Only the lines below from the one that contains "La Gazette coloniale" through the one that contains "3 Best Hotels" should appear in your answer, exact and without pictures.

#### PROVIDED MATERIAL:

________________________

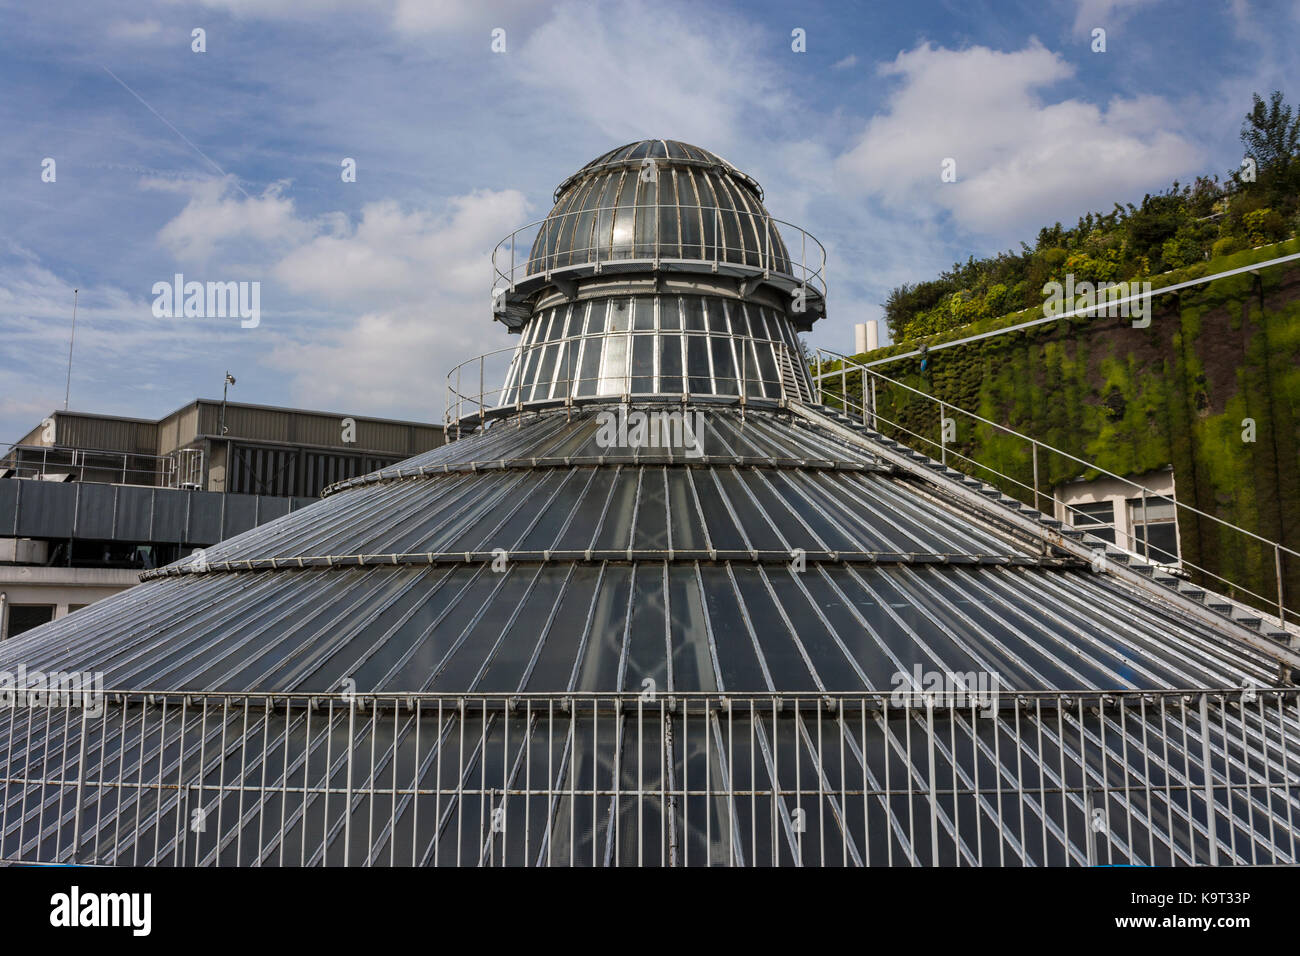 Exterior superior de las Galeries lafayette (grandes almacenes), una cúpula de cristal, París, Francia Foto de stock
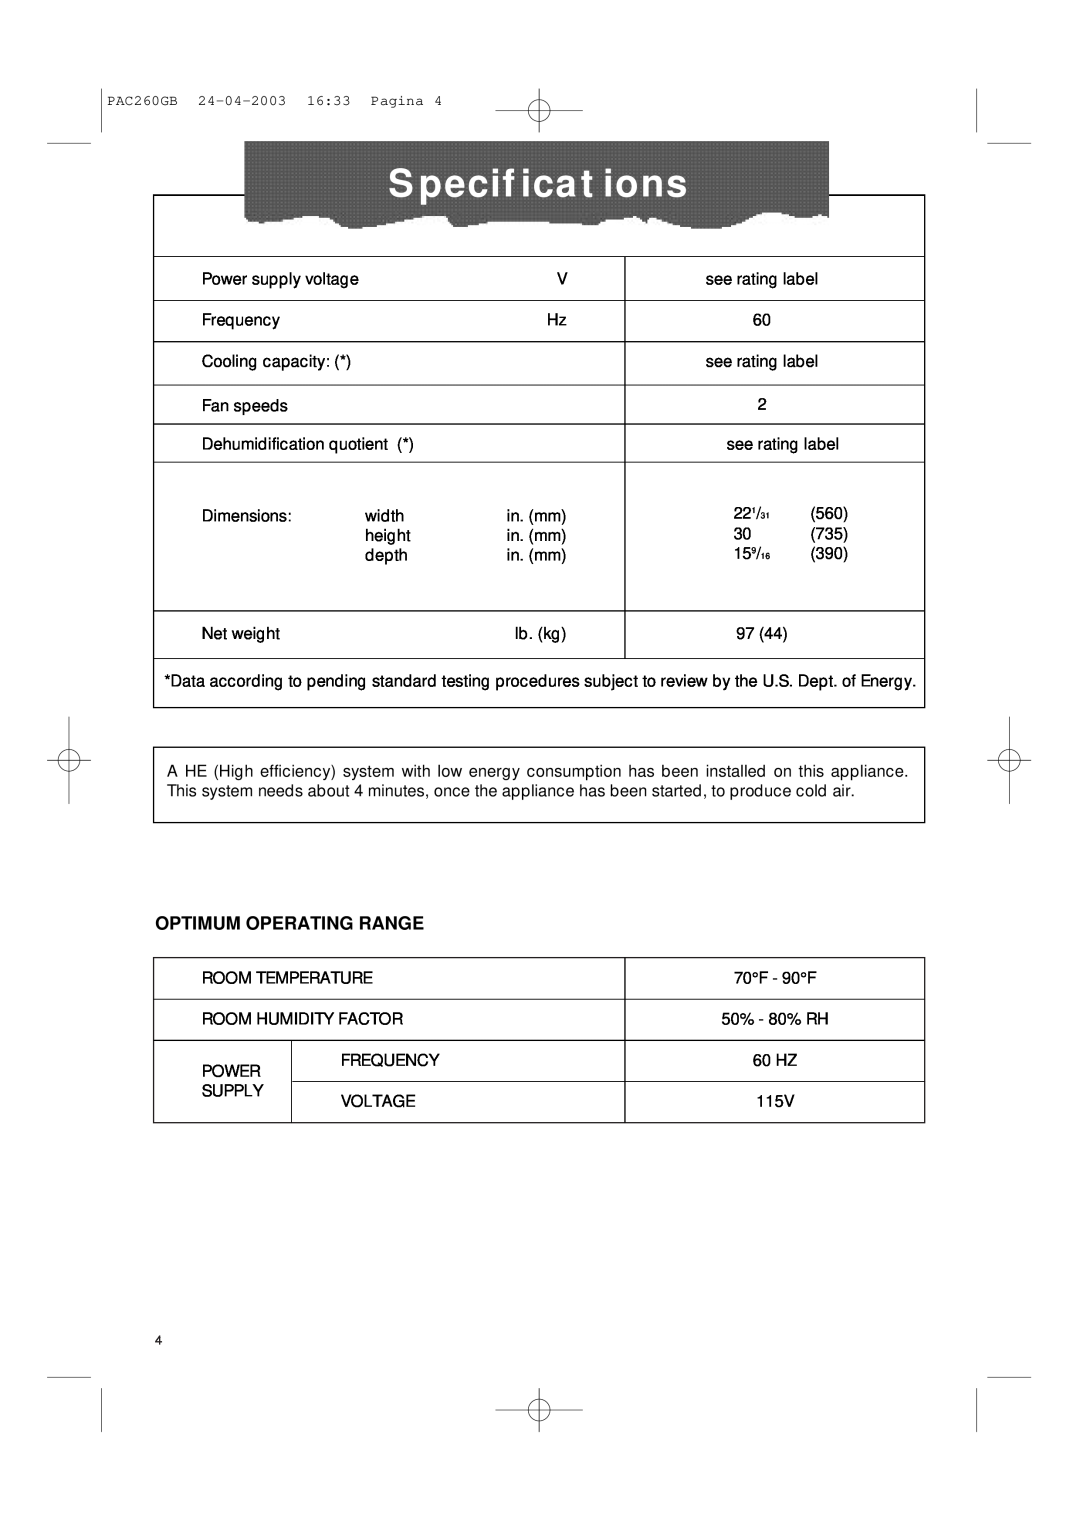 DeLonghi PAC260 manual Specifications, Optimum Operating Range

________________________

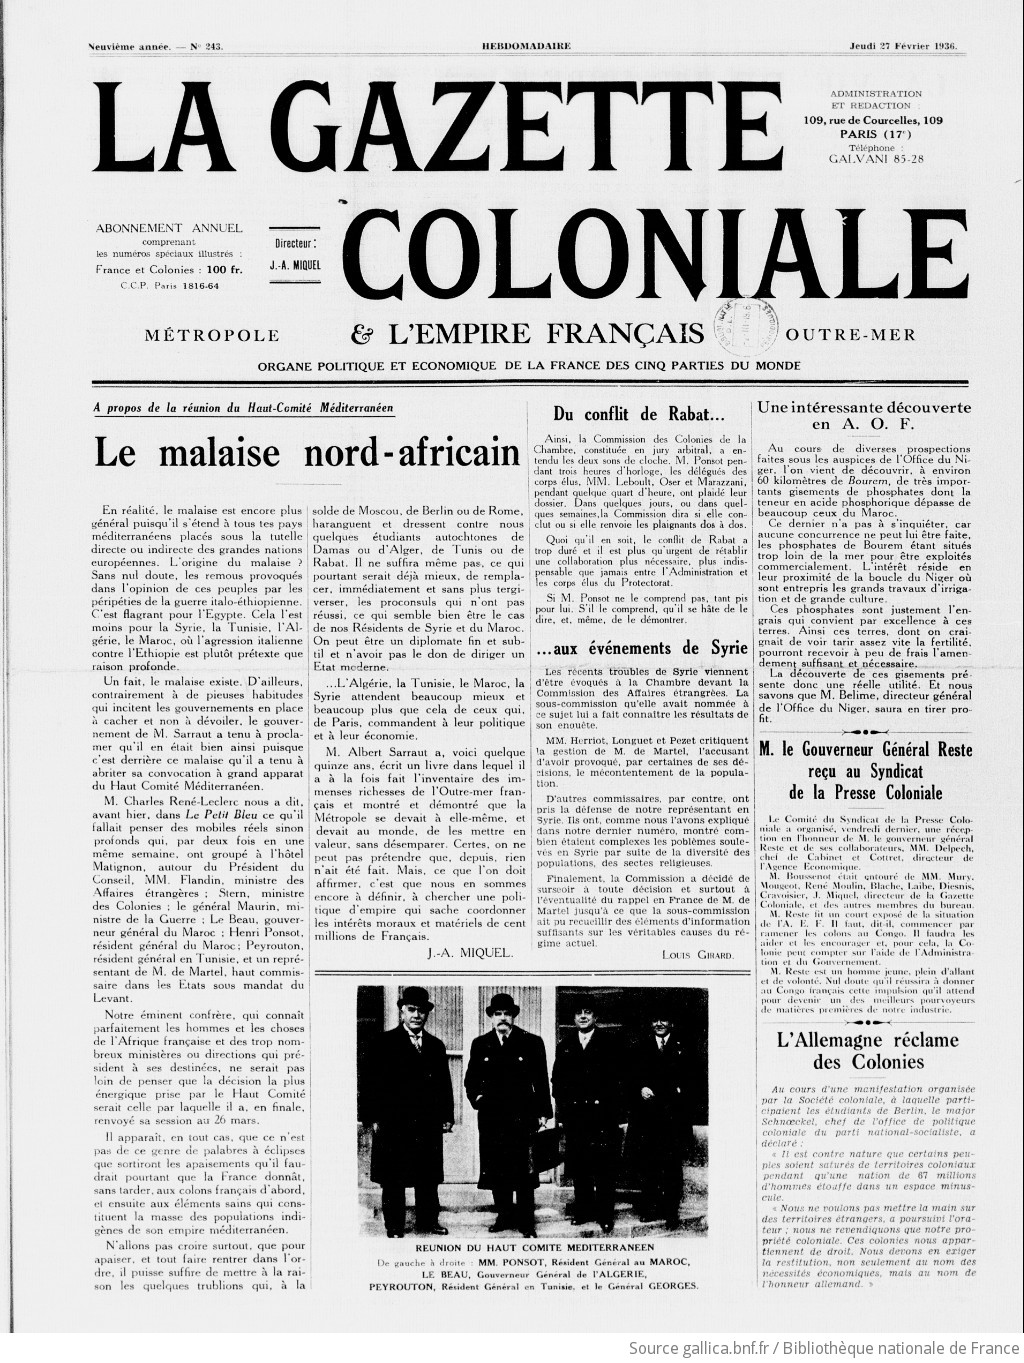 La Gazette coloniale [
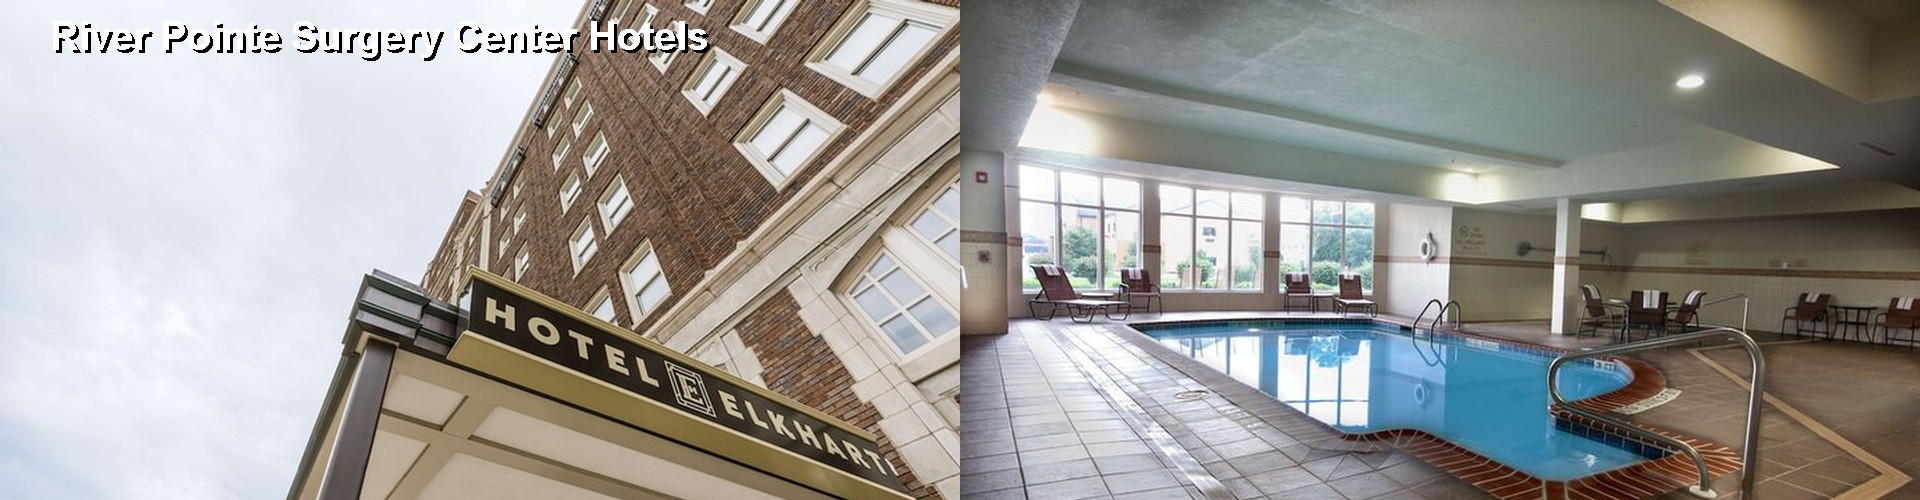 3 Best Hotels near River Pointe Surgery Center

________________________

#### ANSWER BOX:
 La Gazette coloniale [
 3 Best Hotels near River Pointe Surgery Center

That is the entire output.